Having played eight games, approximately 30 percent of all entries, I am positive about this competition. Five of them were different shades of good, one has the distinct possibility of becoming good in a future release, and the other two, while not good, were far from disastrous. The game I'm going to review now is one of the five good ones.

Rogue of the Multiverse -- it sounds like a randomised fighting game. And in a sense, it is, but the ties with Rogue are very thin indeed. Since the player character doesn't seem to be much of a rogue either (more an unwilling thief), one wonders where the title comes from. Anyway, let's go on to more important things.

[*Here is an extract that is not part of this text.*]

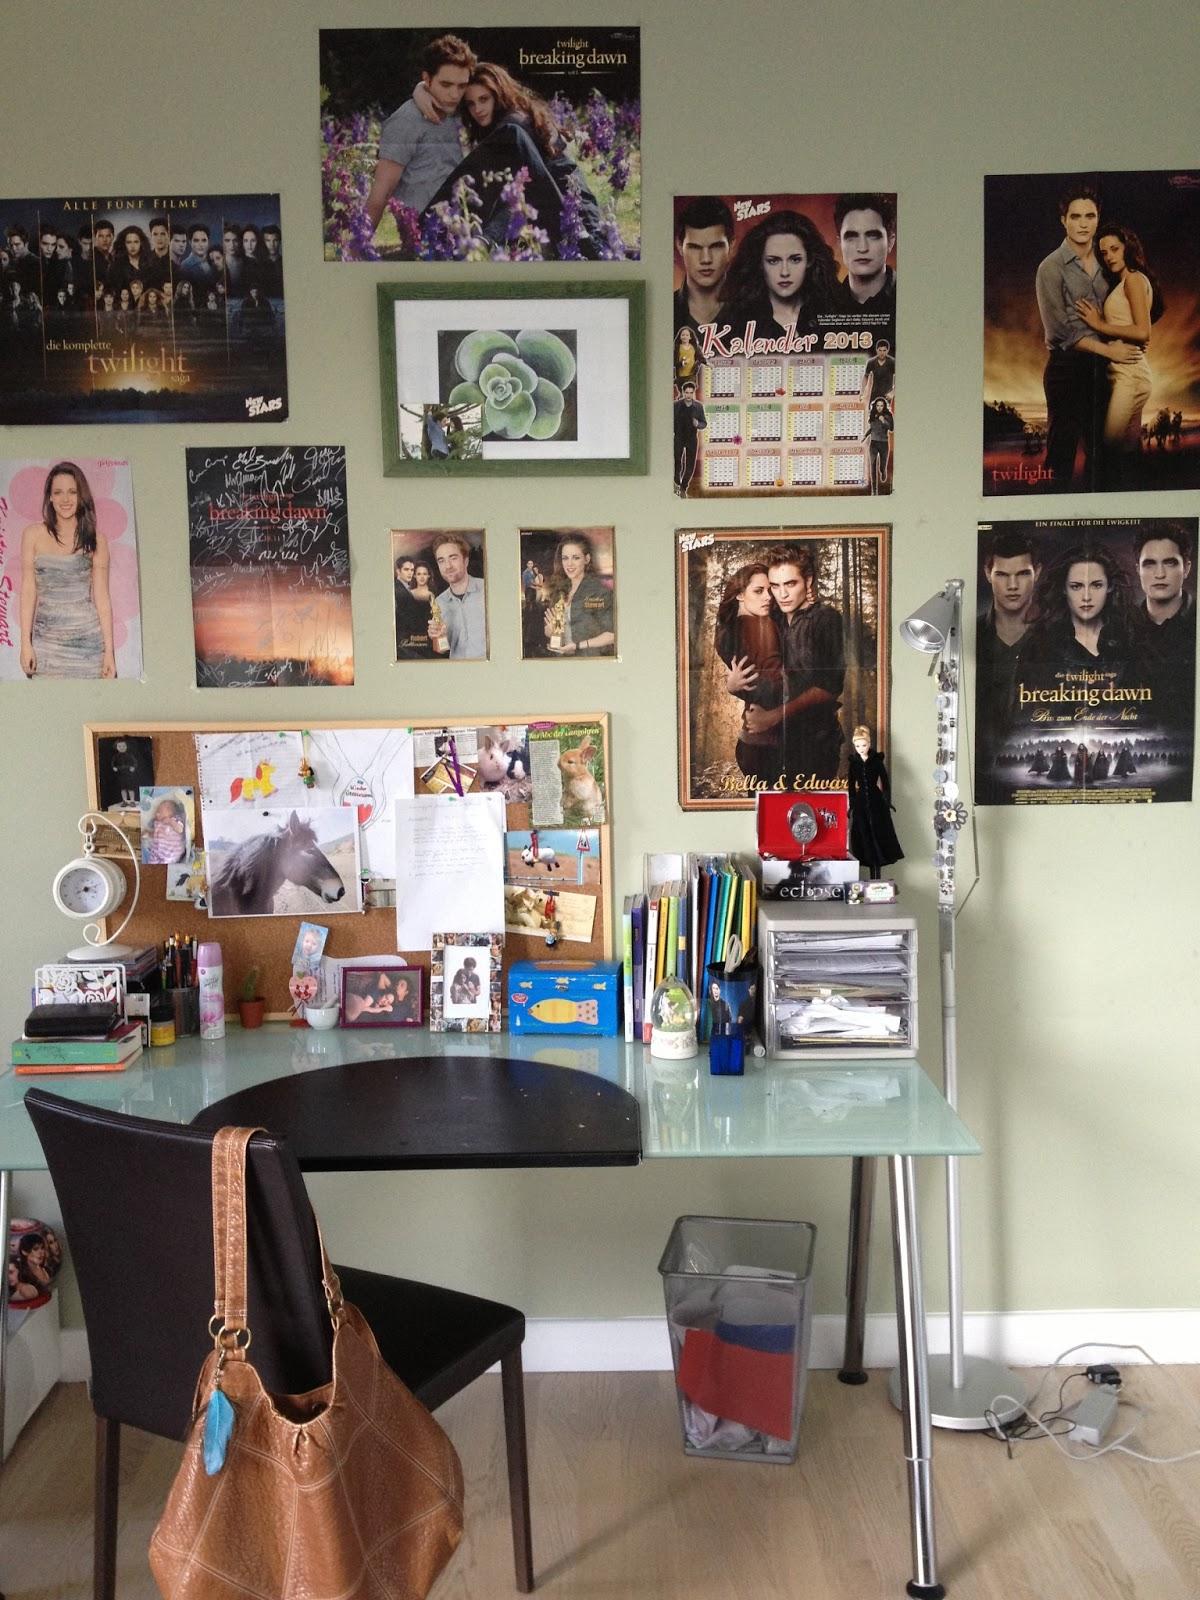 Wie Gestalte Ich Mein Zimmer bellas room: wie gestalte ich ein twilight zimmer?

This game is fun. From the zany interview to the running banana joke, from the motorbike action sequence to the weird array of useless junk you can buy to liven up your prison cell, everything has been put together to entertain the player. The game is very polished (although I would "enter" and "get in" to work for supporters like chairs and beds), the writing is crisp, the jokes are funny, the action sequences flow very well, and hardly anyone will get stuck.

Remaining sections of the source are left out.